Earth's sea ice hits all-time low, NASA satellites reveal

While not trying to minimize the importance of the observed trend, I think that it is important to be careful of the context.

Statements about the ice level being at "an all-time low" and "the lowest Arctic winter sea ice levels have ever been" are not actually true. They are only the lowest levels that humans have recorded, during the geologically relatively brief period of our existence and ability to measure and record such things.

More objectively scientific statements would be something like "Sea ice levels are at the lowest levels ever recorded since humans began recoding them [fill in the blank] years ago." So, first, please fill in the number of years over which comparable records exist.

And, it is also important to place the number into the natural context of how the sea ice is at least thought to have changed in the previous interglacial periods over the last few million years and what those levels are thought to have been before the latest glaciation cycles, maybe 10 million years ago.

That perspective is important for considerations about humans "ruining" the Earth's climate and maybe turning into another Venus.

The observed trend should also be put into the shorter term context of what this implies for more immediate consequences for humans today. Sea ice formation and loss does not directly impact sea levels, because it is mostly frozen sea water. So, the relationship between sea ice extent and sea level needs to come from models of global climate, which have pretty large uncertainties for conditions not very far into the future. Still, saying that the observed loss of sea ice seems most consistent with some particular model's outputs that also predict a particular amount of sea level rise by 2050 or 2100 would provide some useful context.
 
Another record level of change as a result of anthropogenic global warming has been broken, yet people object to reporting on it that suggests it means global warming is very serious - objecting to the (repeated) breaking of such records being used to promote the cause of taking it seriously and addressing the causes.

What materially matters isn't how sea ice levels compare to millions of years ago when there was no homo sapiens but how it compares to the global temperatures and unusually stable climate regime (The Holocene) that allowed agriculture and civilisations to develop - compared to what has been disrupted and how that will affect people for whom we owe duties of care, starting with those now living, ie most especially the next century.
 
I’m guessing that a sea ice level(area and depth) would depend on the number of data points(locations) and the accuracy of them.

I’m also guessing these data points are in a state of change and improvement.

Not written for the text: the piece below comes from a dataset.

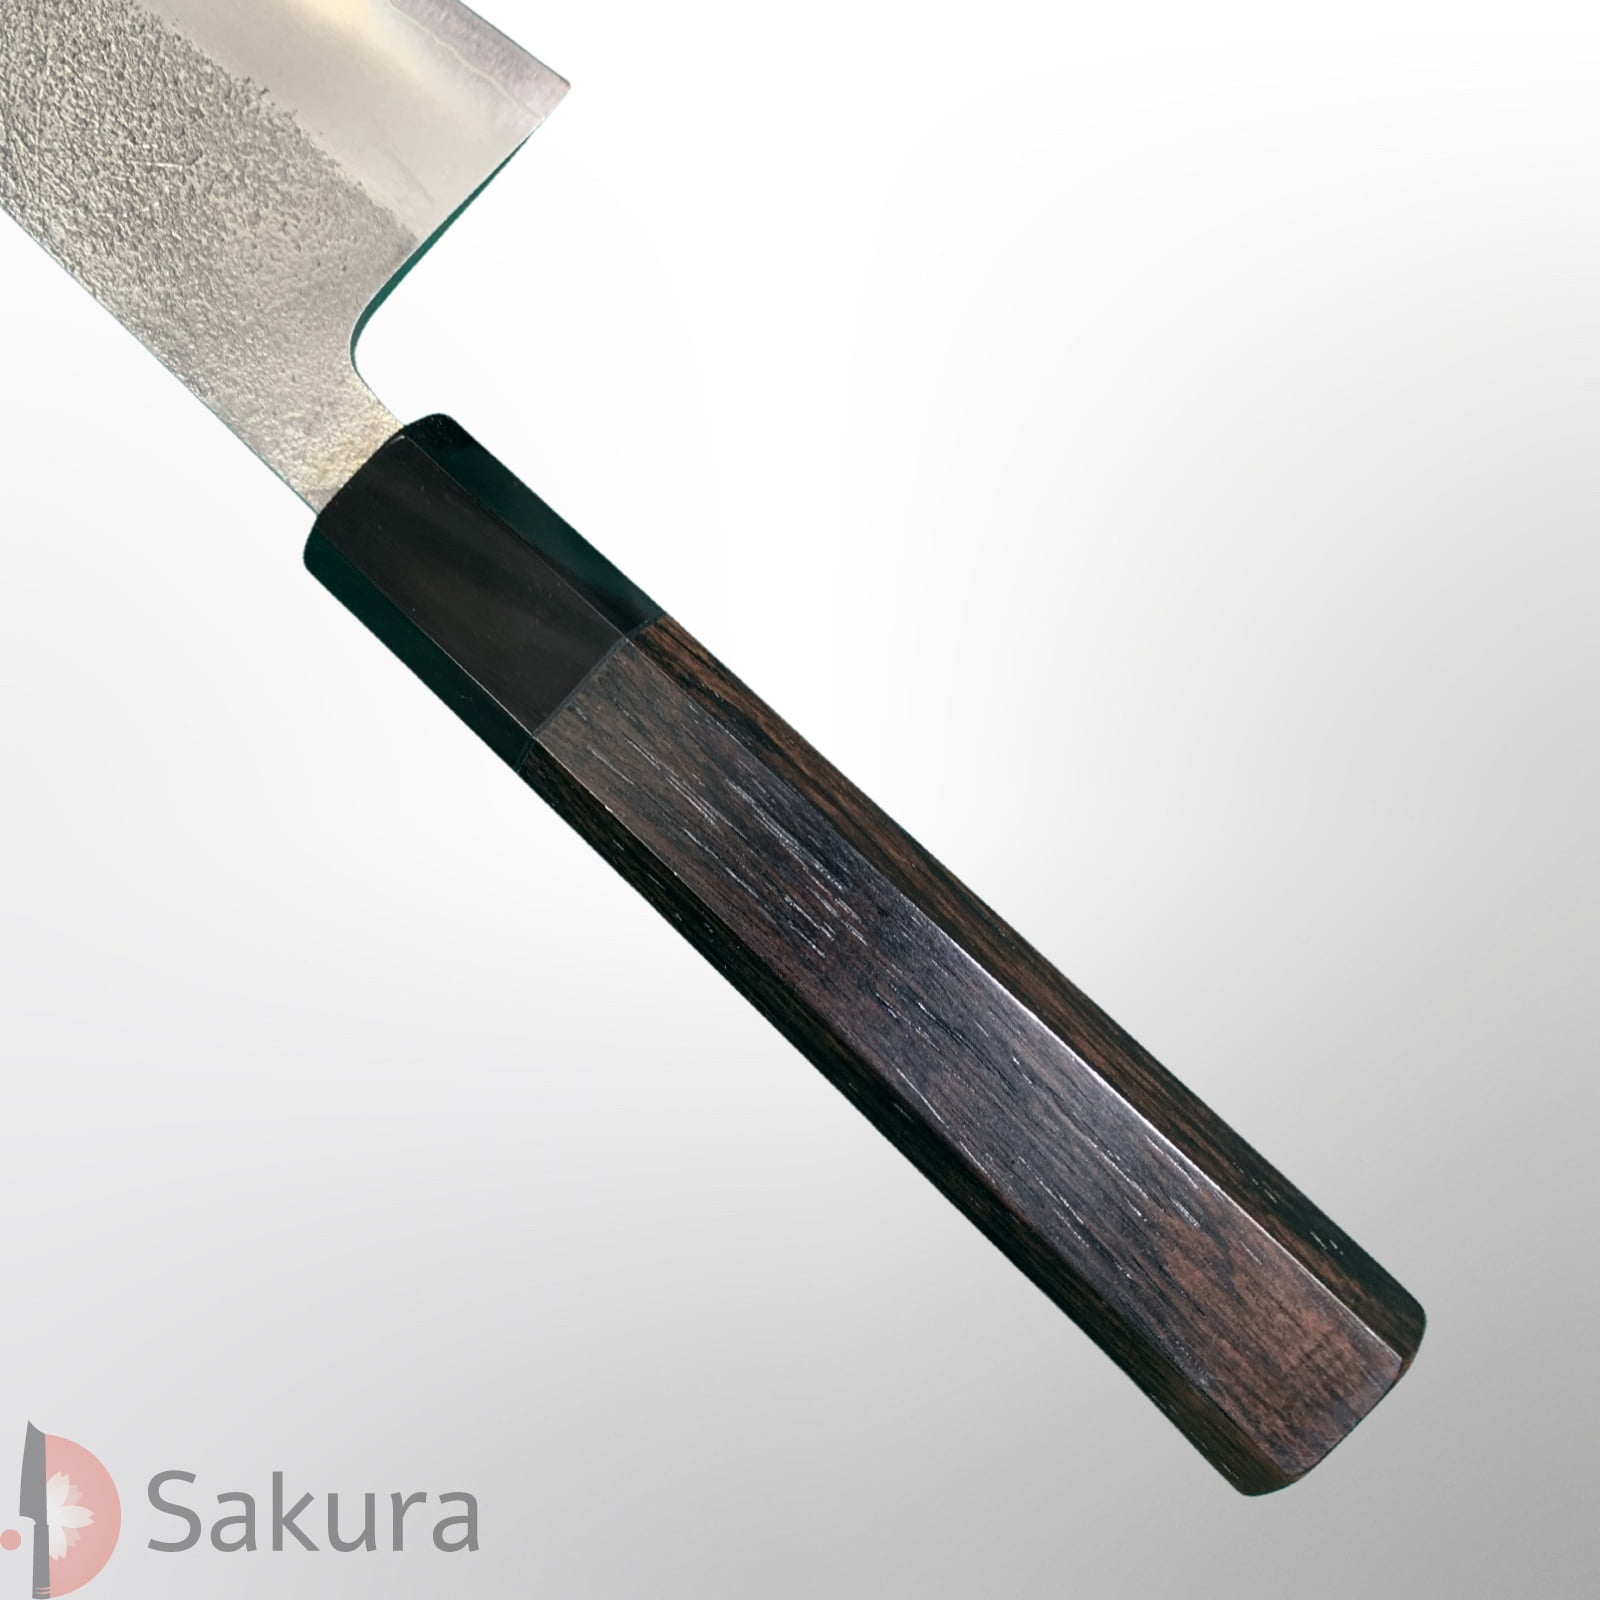 סכין רב-תכליתית בּוּנְקָה 165מ״מ מחושלת בעבודת יד 3 שכבות: פלדת פחמן יפנית מתקדמת מסוג SKD  פלדת אל-חלד גימור אל-חלד קורואוצ׳י מט חיספוס טבעי יושיקאנה יפן – SKYOSHSKDBUNK16524

Adding more points and accuracy. Over the years.

So, how valid are the comparison sets? What’s the true duration of valid comparisons? 30-40 years perhaps. Since satellite. And then we have satellite improvement. More precision.

So what kind of a trend do we really have? I don’t think we have enough measured oscillations to tell very much. How much of that little trend is a measurement trend?

But I know nothing of it. Just thinking about the faith and prediction of such short time dependable data. On arctic ice levels. There is no climate record of it.
 
Just photographic imagery can show that the areal extent of sea ice is far less than in the past.

Trying to get quantitative about it from a climate modeling perspective requires more info, such as thickness. And, there needs to be a time series of measurements over each year, not just max and min of areal extent. The transfer of energy needs to be calculated in some detail to tune a model, and the heat of fusion for ice is a big deal for that.

So, I agree that the Earth is warming, and I think that humans have made multiple changes that lead toward that effect - not just CO2 emissions.

And, I think it is clear that a lot of human infrastructure along coasts is going to eventually get flooded.

But, I also think there is good geological evidence that would happen if humans were not affecting global temperatures and sea levels. The sea level at the last peak, during the previous interglacial period, was 25 feet higher than today, and there is no argument that humans played any part in that previous high sea level.

So, I think it is important to put what we are seeing now into the appropriate perspective - which is much different from the politicized perspectives being pushed by activists and politicians who cater to them.

The temperatures and the stability of Earth's sea level and climate over the last few thousand years are not the norm for the last few million years. We need to expect that to change, because it changed before in cyclic ways.

Whether it changes by a natural cycle of phenomena or by human induced phenomena, or a combination of both, we should not be expecting no changes. We need to plan now to accommodate those changes in the most cost-effective ways for all sorts of nations and societies, because we simply do not have the knowledge nor the mechanisms to stabilize Earth's climate to suit our desires.

The activists and politicians tend to hype the concept that we are going to change Earth's climate so much that humans, and perhaps all life, will become extinct - maybe even turning Earth into another Venus. But, that looks like major B.S. when the temperatures, CO2 levels, sea levels, etc. are compared to what we can see in the geological records. We can see that sea level was 325 feet lower than today just 25,000 years ago. And we can see that it was about 300 feet higher than today many millions of years ago. We can see that there have been temperate climates at the poles in the distant past.

So, the real issue is what is changing now, trending toward what future conditions, and how will that affect both humans and the other parts of the ecosystem that humans depend on - and are damaging by many other phenomena in addition to adding CO2 to the atmosphere. We are killing other species very rapidly by habitat destruction, over fishing, pollution with chemicals, etc. And, that includes the ocean species as well as the terrestrial species. We need to care about more of our effects than just CO2 emissions if we want to create and maintain the type of environment that we say we want.